C. La Gravedad De Su Ascensión – Cuando Jesús ascendió de nuevo al Cielo, Lo hizo con la promesa de que volvería algún día, Hechos 1:11; Juan 14:1-3. El hecho de que regrese por Su pueblo agrega un elemento de gravedad a Su regreso. Porque, cuando venga, no volverá por todos; Él solo viene por Su pueblo. Él viene solo por aquellos que son salvos por Su gracia y que son lavados en Su sangre. Por lo tanto, amigo, necesitas estar seguro de que eres salvo hoy para que cuando Él venga, puedas ir al Cielo para estar con Él por toda la eternidad, Matt. 24:44.

Conc: Amigos de más de 1,1 millones de hombres y mujeres han muerto para garantizar nuestra libertad como estadounidenses. Lo dieron todo para que pudiéramos disfrutar de todas las bendiciones de esta gran tierra. Hoy honramos su memoria y su sacrificio. Gracias a Dios por cada uno de ellos.

Pero, ¡les recuerdo que Todos los Días son el Día de los Caídos! ¿Por qué? Un día el Soldado más grande del Cielo vino a esta tierra y murió para darnos la libertad eterna de la pena, el poder y la presencia del pecado. Gracias a Dios por Su don inefable! Que nosotros, los redimidos, nunca olvidemos Quién es Jesús, lo que ha hecho por nosotros, y a dónde nos lleva algún día.
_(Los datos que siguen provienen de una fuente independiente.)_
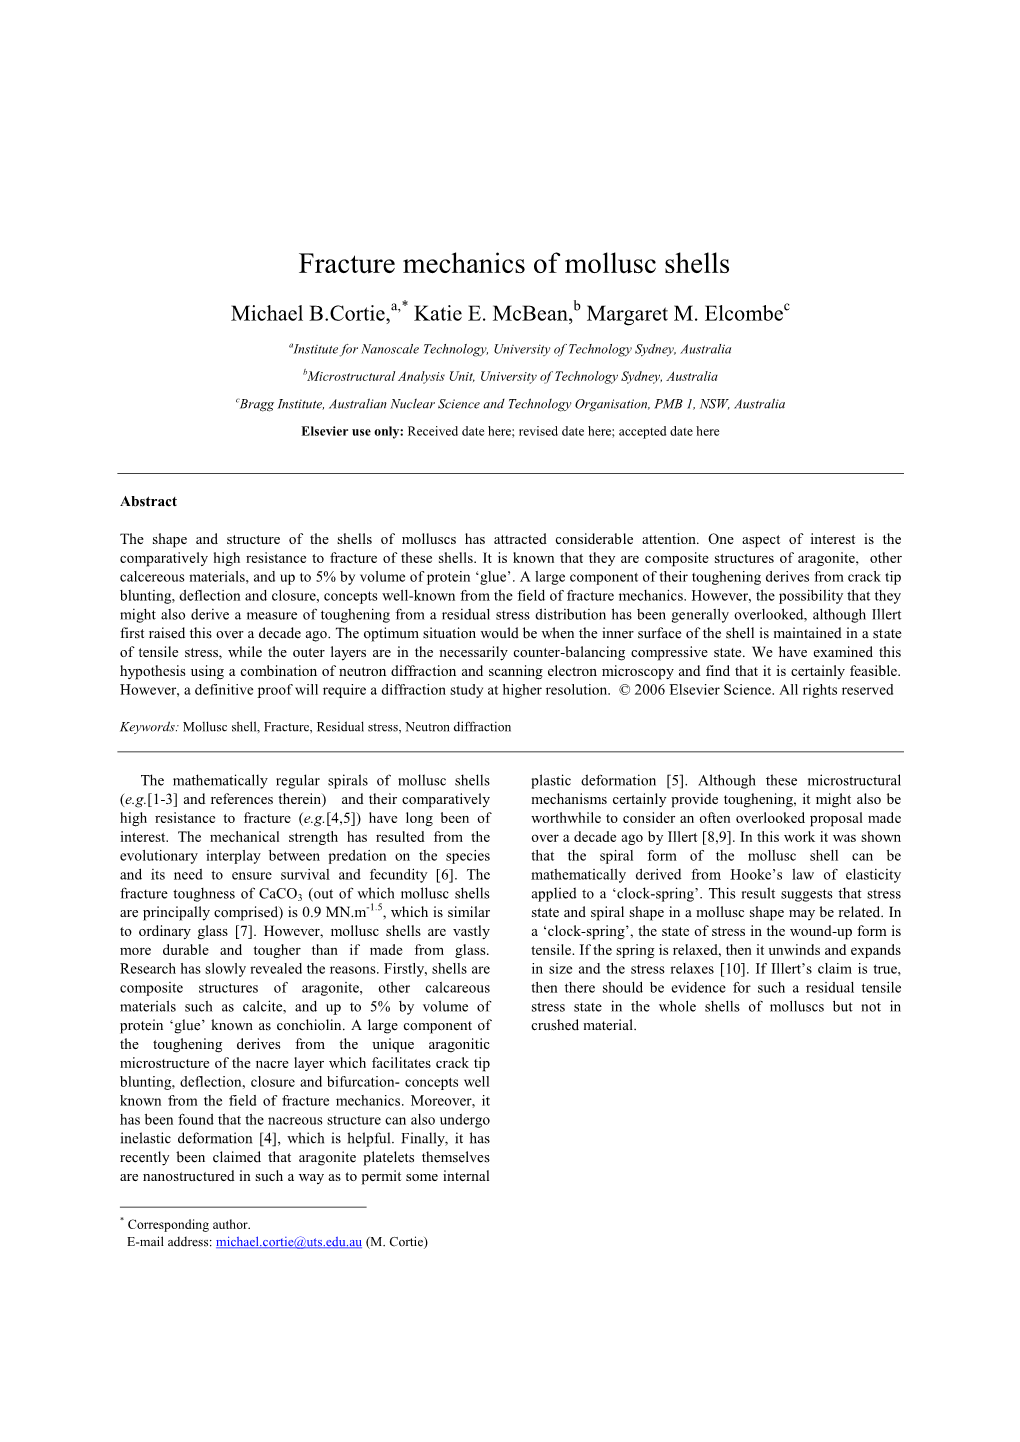 Fracture Mechanics of Mollusc Shells

Oh amigo, ¿estás listo para conocerlo? ¿Tus pecados están bajo la sangre hoy? ¿Has estado en el Calvario y has confiado en Jesús como tu Salvador personal? Si no lo has hecho, entonces te invito a que vengas a Jesús, te inclines ante Él y lo reclame como tu Salvador.

Si eres salvo, tal vez necesites presentarte ante Él y decirle cuánto lo amas por todo lo que ha hecho por ti. Él es digno de nuestra alabanza y de toda la adoración y gloria que podemos ofrecerle. Qué Salvador!